Charter Party Bill of Lading

Charter Party Bill of Lading

 

The Charter Party Bill of Lading is a bill of lading that is issued subject to the terms and conditions of a charter party. A Charter Party Bill of Lading is synonymous with commodity or bulk shipment cargoes. Charter party shipment is subject to the signing of a charter party contract between the owner of the vessel and the charterer (usually the applicant or the beneficiary, depending on the Incoterm that is used in the documentary credit).

In effect, the party chartering the vessel hires such a vessel in order to take its goods from port A to port B within a certain period of time. A charter party bill of lading (CPBL) to be acceptable under a documentary credit, the documentary credit must indicate that such a document is required or permitted.

The vehicles/goods are loaded and discharged according to the terms of the charter party bill of lading contract and, for this reason, some banks do not consider a charter party bill of lading as having the same level of security in the vehicle/goods as a conventional bill of lading, even if the document indicates that the goods are consigned or endorsed to its order. A bank is not concerned with, nor does it examine, a charter party bill of lading contract even if called for under a documentary credit.

 

what's the difference between Bill of Lading and Charter Party Bill of Lading

 

The 1st difference between the Bill of Lading and the Charter Party Bill of Lading is in who has issued the document.
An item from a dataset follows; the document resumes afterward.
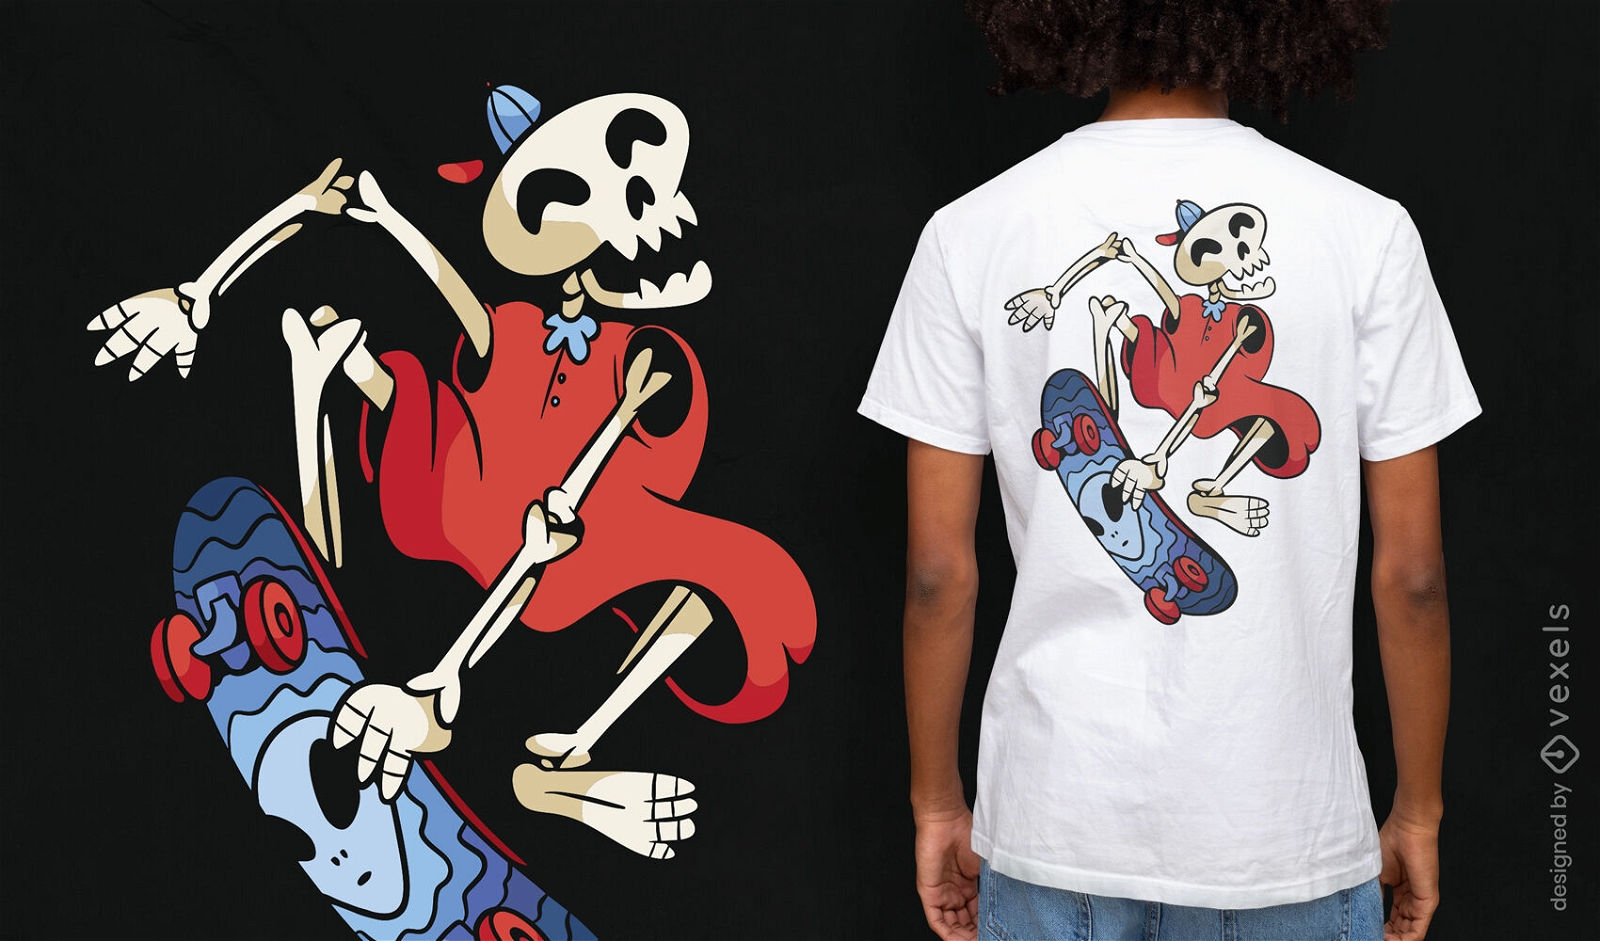 Skeleton skater cartoon t-shirt design

The Bills of lading are issued by the Carrier, who are usually owners of the vessels themselves. Charter Party Bill of Lading, on the other hand, are issued by charterers who have chartered the vessel under a Charter Party for either a specific voyage or for a certain period.

The other difference is in the negotiable nature of the instrument. Marine Bill of Lading is negotiable documents of title for the vehicle/goods shipped under them, used to retain control and transfer title. Charter Party Bill of Lading, do not serve this function fully, and there are circumstances when the holder or endorsee of a Charter Party Bill of Lading might still not have full title to the vehicle/goods. In the event of a dispute between the charterer and the owner, the latter retains the right to lay claim on the vessel and the vehicle/cargo upon it.